Парк-Шорская сельская дневная школа на самом деле находилась не в сельской местности. Строго говоря, это была и не просто дневная школа. Это была частная школа, где дети учились с нулевого по двенадцатый класс, и располагалась она в переоборудованном здании бывшей библиотеки Карнеги, прямо в колоритном центре Парк-Шора, в нескольких кварталах от того места, где строили «Судоверфь». Философия руководства заключалась в том, что они использовали старую модель «сельской дневной школы» в качестве источника вдохновения и педагогической отправной точки. На практике это означало, что дети разного возраста учились вместе, в одних классах, и что учителя преподавали по междисциплинарной программе, а не специализировались в одной конкретной области. Идея, как объяснялось в красочных рекламных буклетах, заключалась в том, чтобы вернуть тот формат, когда школы еще не перешли к конвейерной модели обучения, когда образование еще не превратилось в своего рода поточное производство, где к ученикам относятся как к машинам, а к учителям – как к рабочим сборочного цеха, каждый из которых занимается отдельным компонентом этих машин: биологией, математикой, чтением, письмом и так далее. В Парк-Шорской школе все как бы смешивалось воедино, и это лучше отражало то, как на самом деле учатся дети – стихийно, спонтанно, естественно.
Элизабет и Джек отдали Тоби в Парк-Шорскую школу, потому что она должна была подойти Тоби с его сложным характером: благодаря гибкому подходу к обучению, отсутствию жестких правил, упору на физическую активность и сенсорное развитие учеников это была та среда, в которой Тоби мог наконец расслабиться и стать более уравновешенным и спокойным. В этой школе он реже срывался, реже закатывал истерики, реже проявлял агрессию. Тоби был не из тех детей, которые могут целый день сидеть за партой и слушать, а руководство Парк-Шорской школы решительно выступало против сидения целый день и, если уж на то пошло, вообще против парт. Так что это был правильный выбор.
– Мистер Энтони Форрестер и миссис Марта Форрестер из Нортбрука, – сказала Брэнди. – Она работает в отделе кадров «Юнайтед эйрлайнс». Он «в поиске работы» уже года три. Мы почти перестали его об этом спрашивать.
– Ясно.
– Мистер Теодор Норман и миссис Кэрри Норман-Уорд из Уиннетки. Хотя скоро она опять будет просто Кэрри Уорд, без дефиса. Они разводятся.
– Ой.
– Между прочим, это не сплетни. Они сами охотно об этом рассказывают. Даже опубликовали в «Фейсбуке» целое эссе, которое написали вместе, и там подробно объяснили, что отдалились друг от друга и теперь расстаются друзьями, с глубоким взаимным уважением и благодарностью.
– Как цивилизованно.
– Они ходили к консультанту для пар, желающих сохранить отношения, потом поняли, что не смогут спасти брак, и тогда пошли к консультанту для пар, желающих расстаться, – он, к счастью, работал в том же офисе.
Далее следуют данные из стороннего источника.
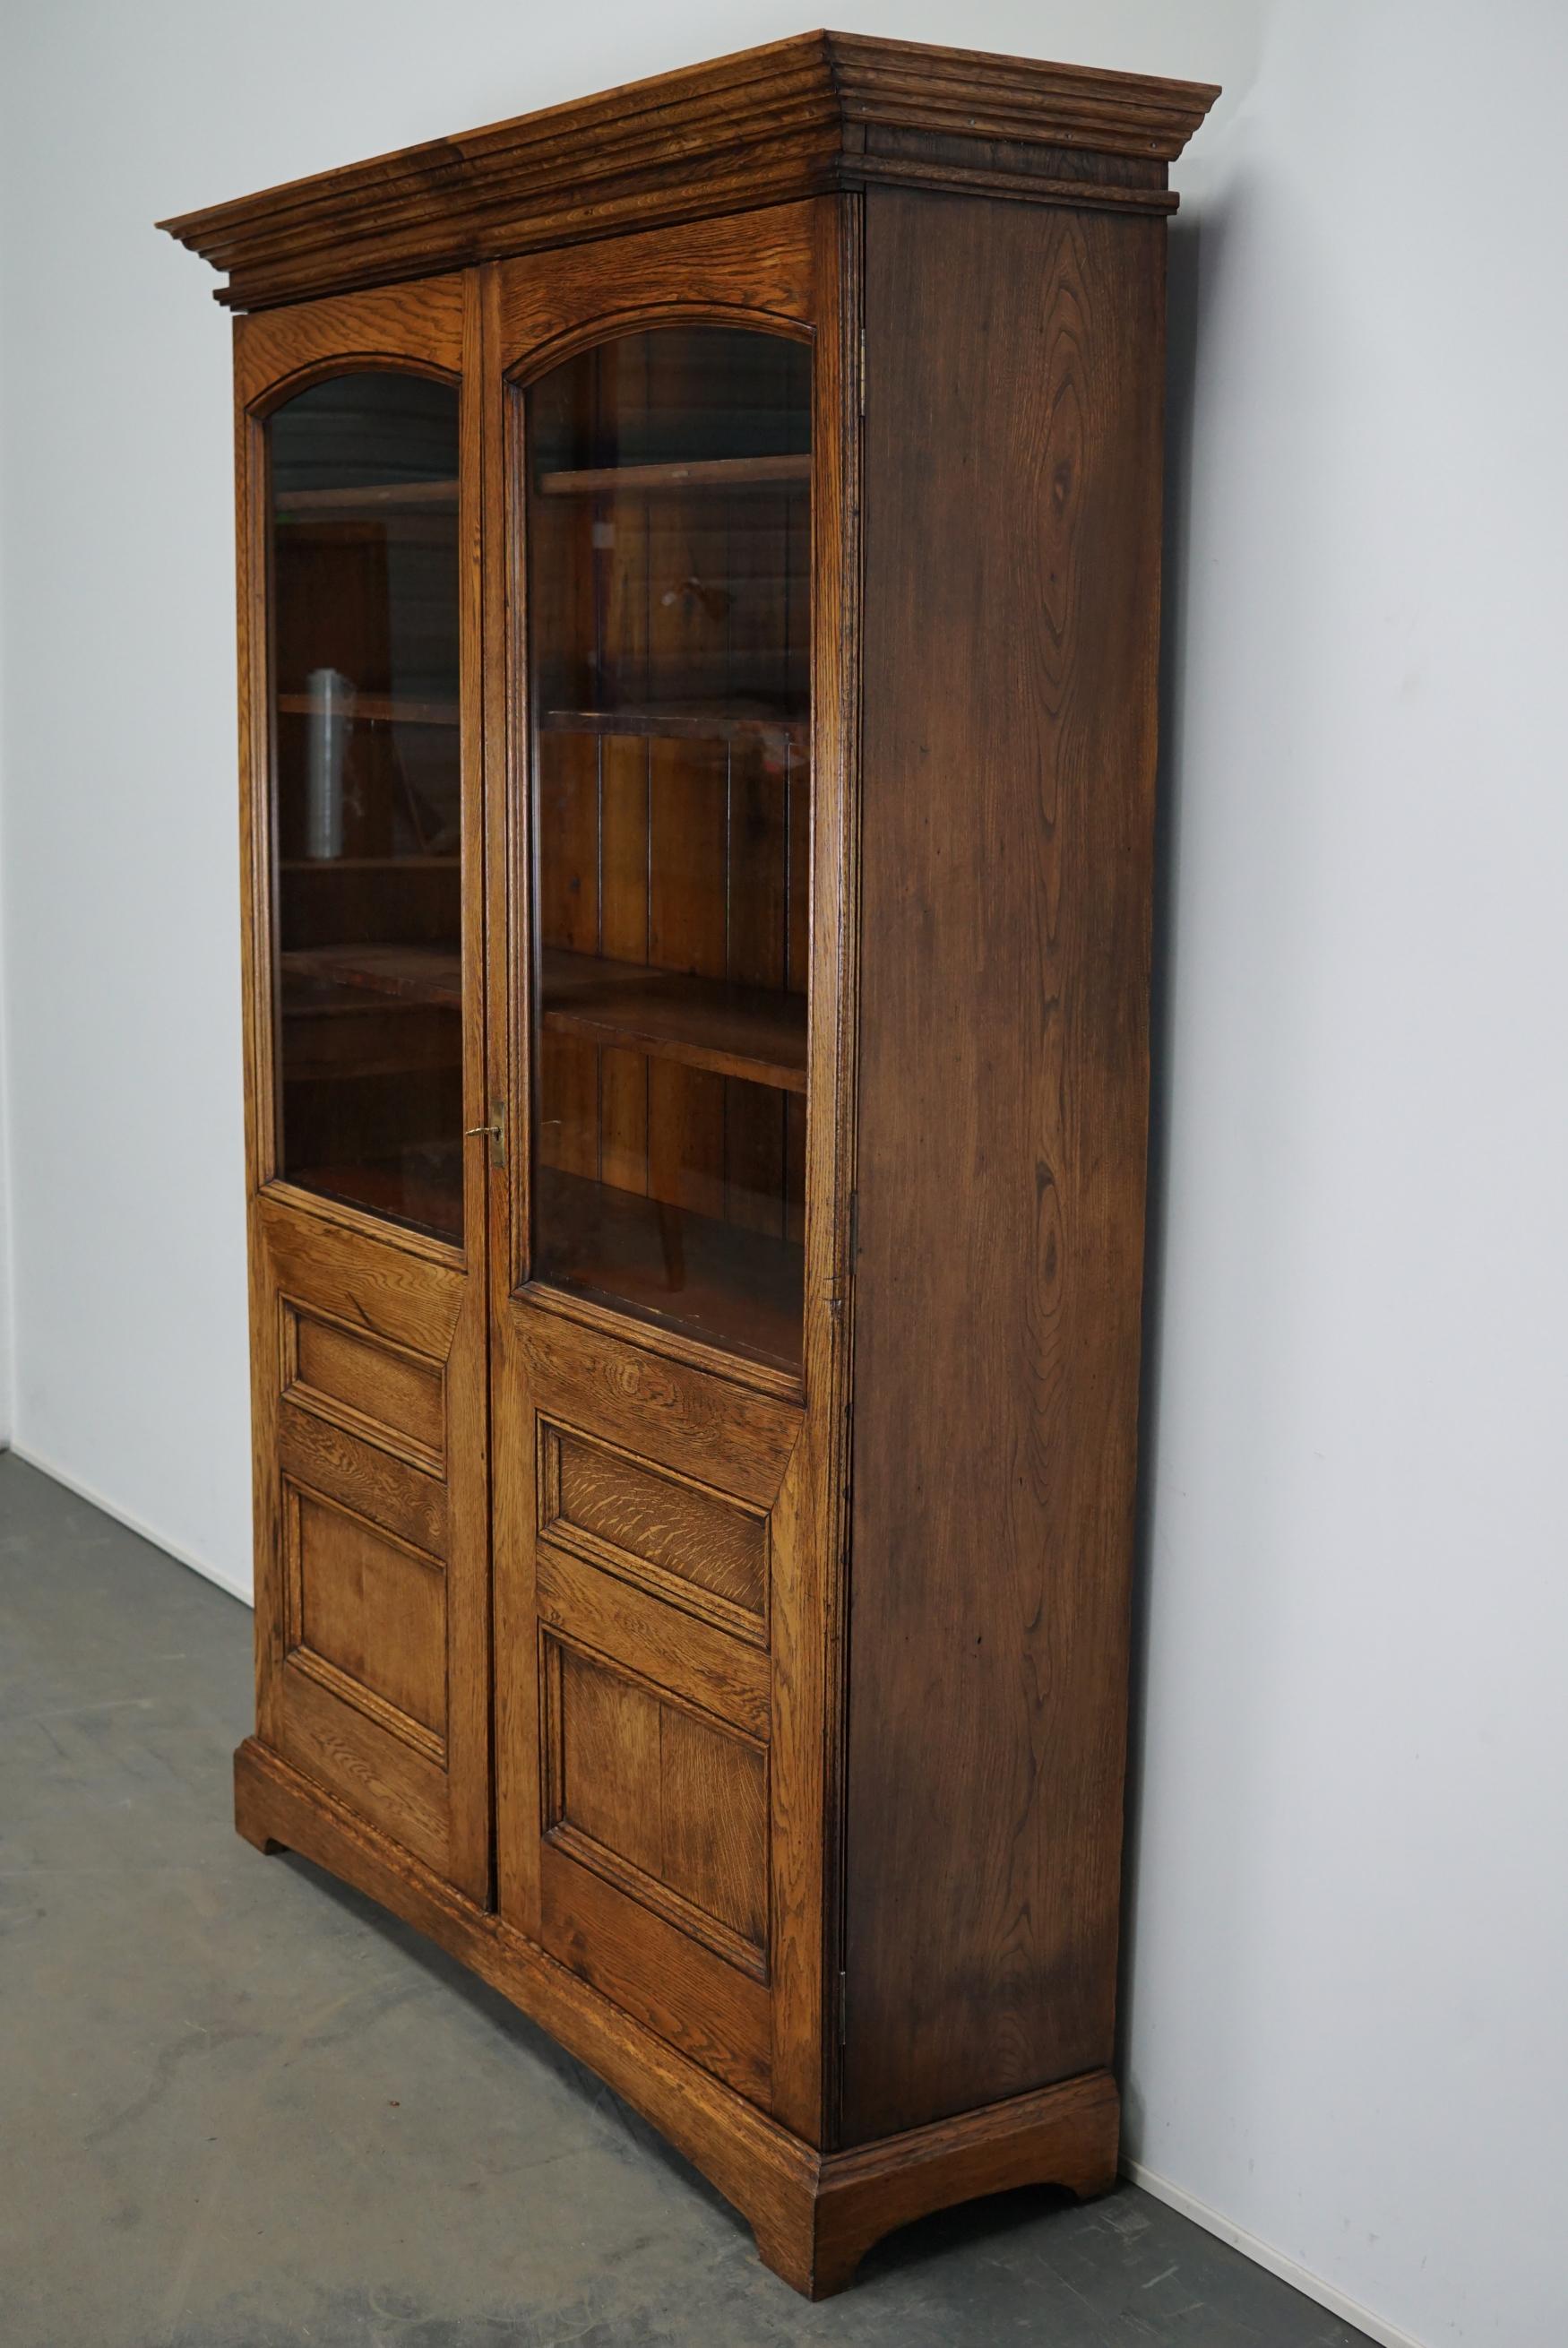 This bookcase was made from oak circa 1870s in England. It features two doors with a nice original key and lock. It remains in an amazing restored antique condition. The oak and six pine shelves / back on the inside have retained a beautiful patina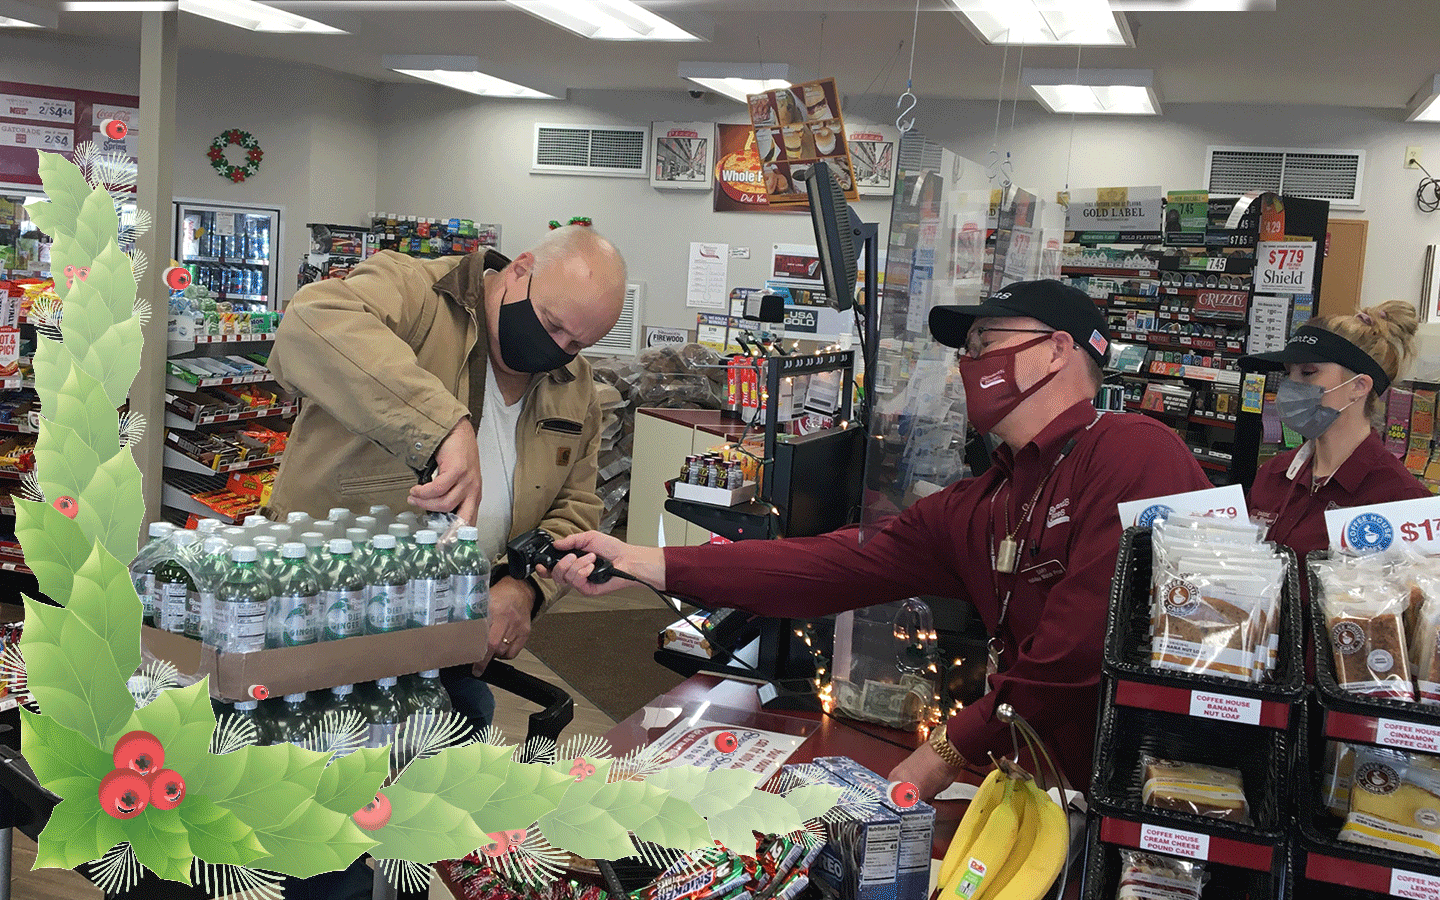 a customer buying a case of soda. The president of stewarts shops, Gary Dake, using the register to check him out.

Они очень стараются, чтобы развод прошел как можно более гладко и этично, ради детей.
Элизабет кивнула.
– А по поводу того, что они отдалились друг от друга, – что произошло?
– В смысле?
– Почему отдалились? В чем причина?
– На самом деле, насколько я знаю, ничего особенного не произошло. Они просто перестали испытывать друг к другу такие сильные чувства, как раньше. Думаю, такое случается со многими парами. Страсть угасла, искра потухла. У этого должно быть какое-то название.